- January 14, 2009
- Posted by: EARSC
- Category: EARSC News
Project to calibrate sensor equipment expected to deliver significant improvements in accuracy of climate change predictions
A South Pole snowfield is to become the most analysed spot on earth this month as a global network of scientists train more than 30 satellites on the area to calibrate their sensor equipment.
The exercise, which could have major implications for risk management professionals and insurance firms the world over, will increase the reliability of orbiting monitoring equipment to deliver more accurate data on climate change.

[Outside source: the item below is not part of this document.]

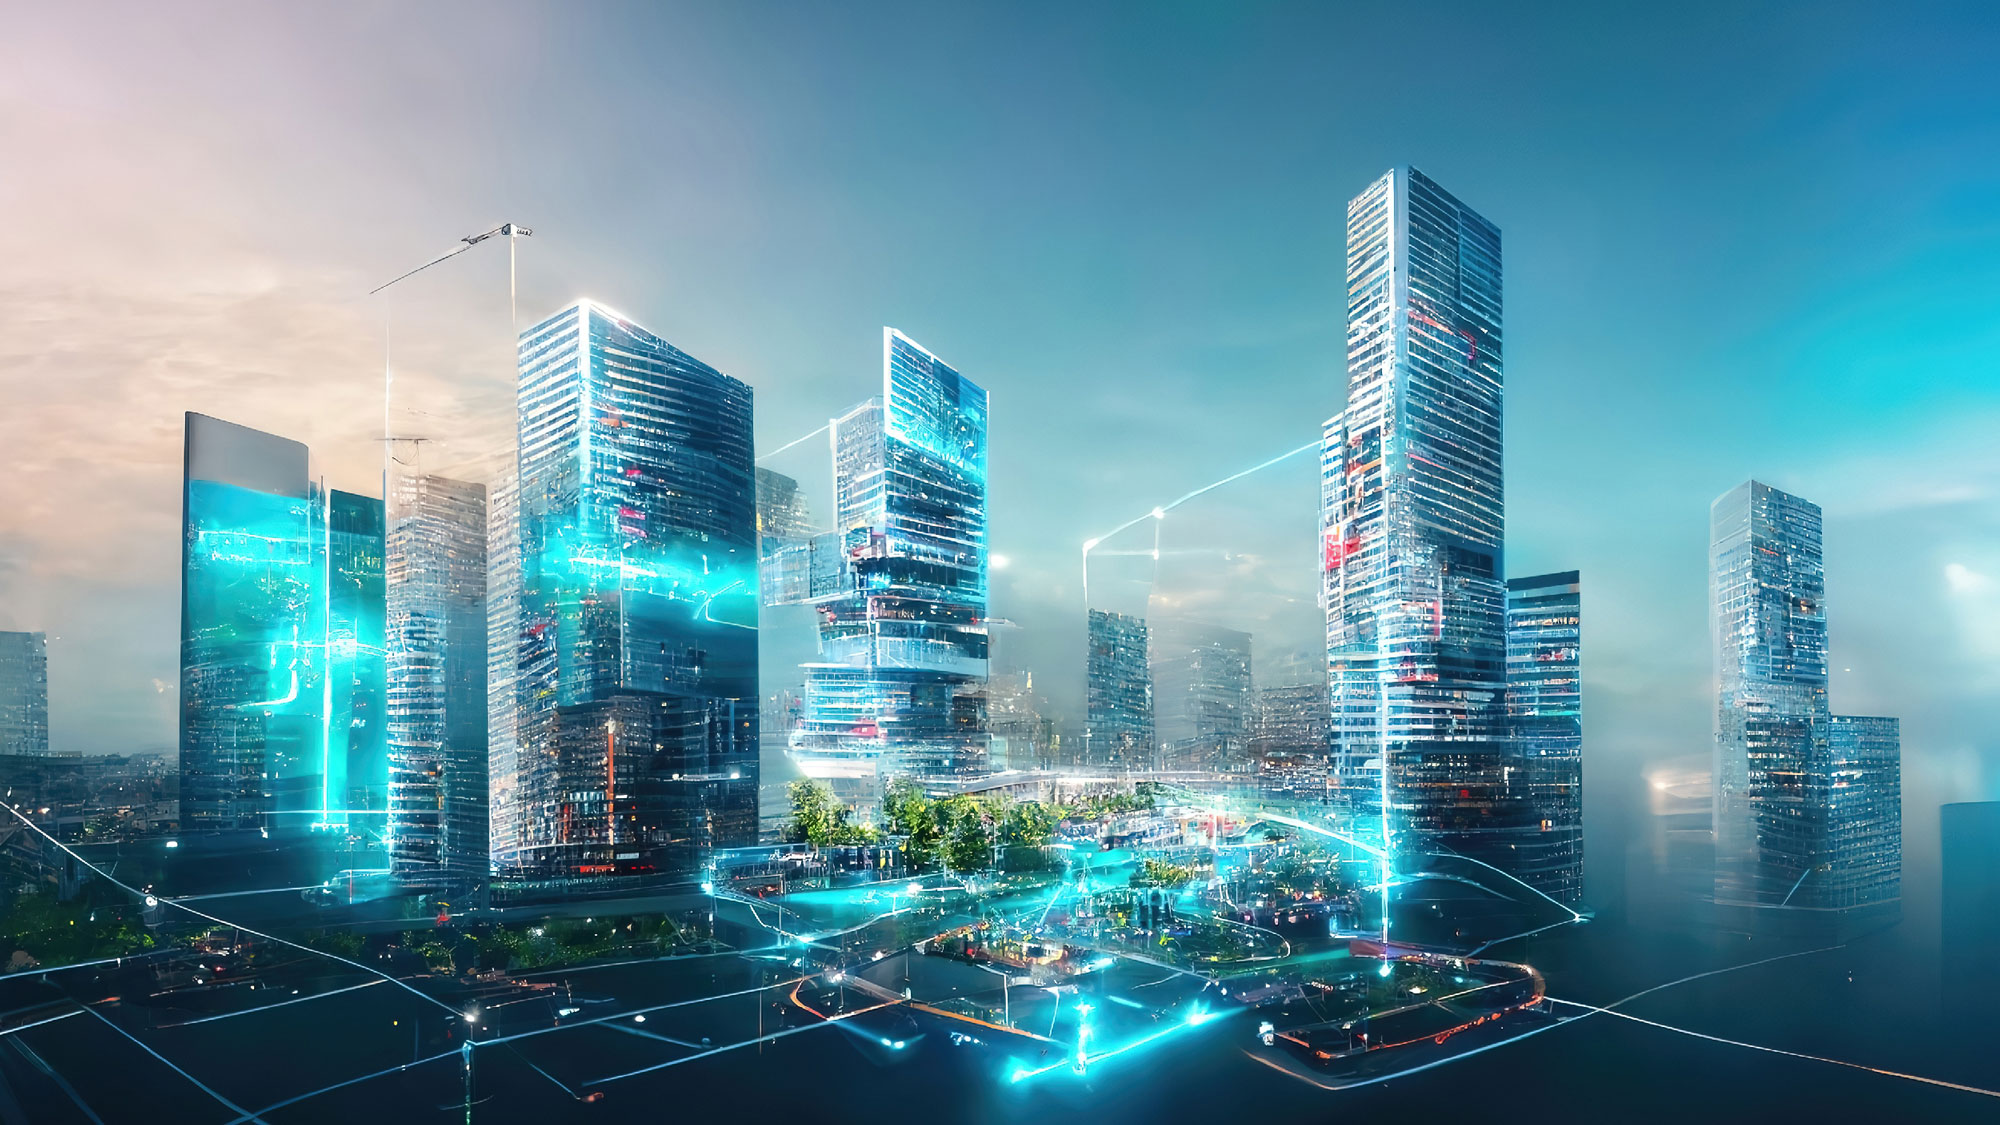 Smart City Technology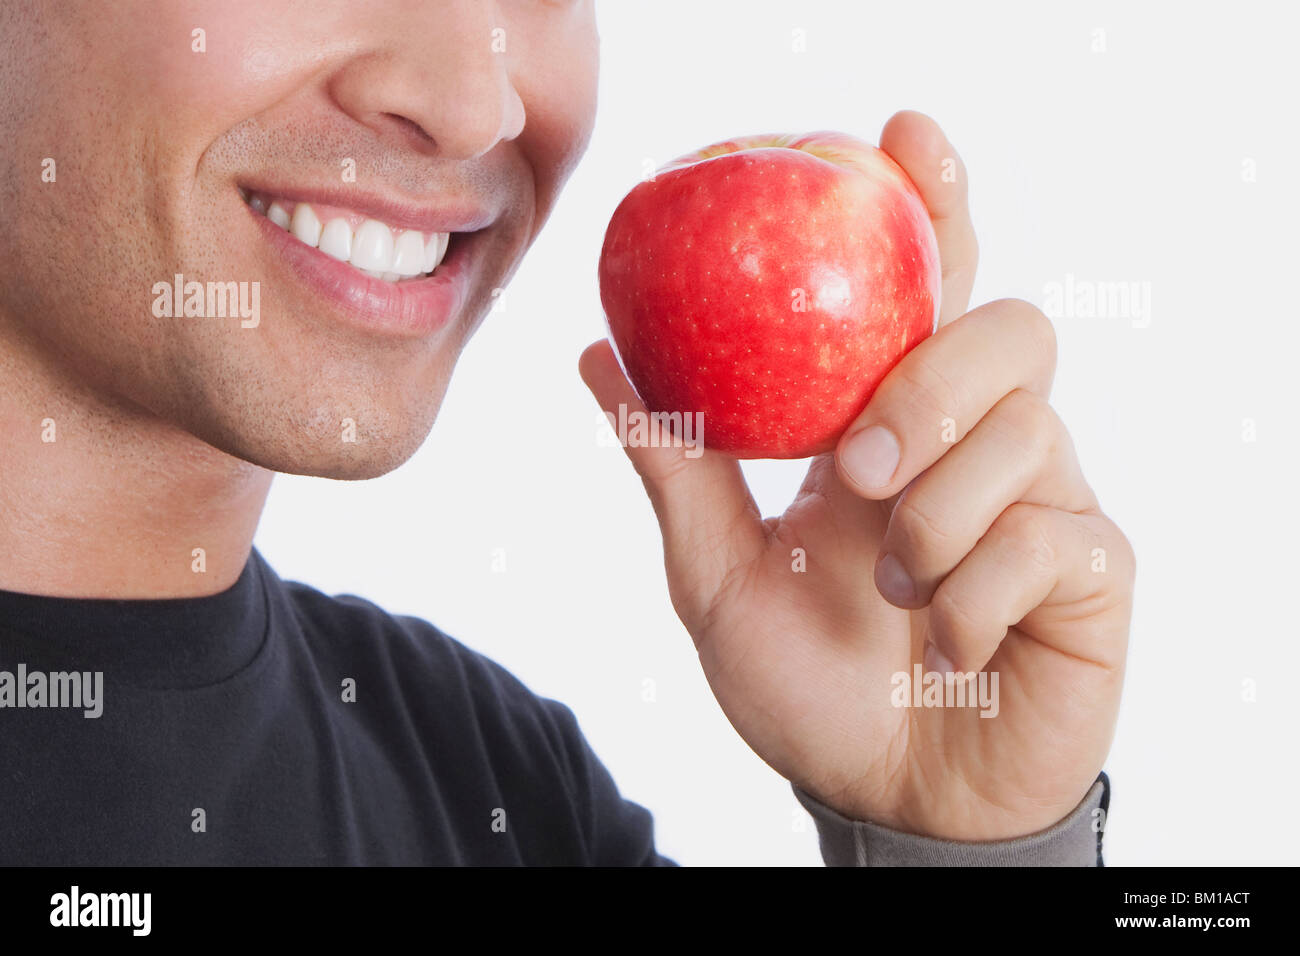 Man holding an apple Stock Photo

Researchers from space agencies around the globe, coordinated by the UK’s National Physical Laboratory (NPL), will cross-reference their test results to determine for the first time, as a single exercise, differences between their measurements.
The collection of analysed data will ensure future measurements are quality-assured and will lead to vast improvements in measuring climate change, weather systems and monitoring disaster areas amongst others.
Some of these measurements require the detection of changes of a few tenths of a per cent per decade, yet current measurements from different satellite systems can wildly fluctuate, sometimes to levels more than 20 times greater than the changes the scientists are analysing.
The string of satellites, ranging in spatial resolution from a metre to several hundred metres, will measure the reflectance of the sun by the Antarctic snow. All of the data will be cross-compared with the results from different satellites and supported by ground measurements of the site.
The polar experiment will focus on an area known as “DOME C” and can only be conducted in December and January when the Sun is relatively high in the sky during the southern hemisphere summer.
Nigel Fox, head of Earth Observation in NPL’s Optical Technologies software and computing team said: “This is the most comprehensive comparison of its kind ever organised and is a direct result of efforts led by NPL to establish improved quality assurance of Earth observation data.
“As the data from many of the sensors involved in this comparison is used in studies of climate change, it is essential that we can reliably combine it together and start to use it as a truly global resource and reference for the future. This comparison will provide the information and evidence to allow this to happen.”
This quality-control experiment is the first of a series led by NPL, supported by the Department for Innovation, Universities and Skills, the European Space Agency and the British National Space Centre, to address key issues in Earth observation.
The drive to deliver more accurate data is being implemented throughout the world’s space agencies ensuring that its next generation of satellites for example in Europe, the Sentinels, are fully compliant and able to deliver continuous operational data to enable more precise climate change studies.
Future experiments include measurements of the temperature of the ocean and reflectance of a salt lake in Turkey.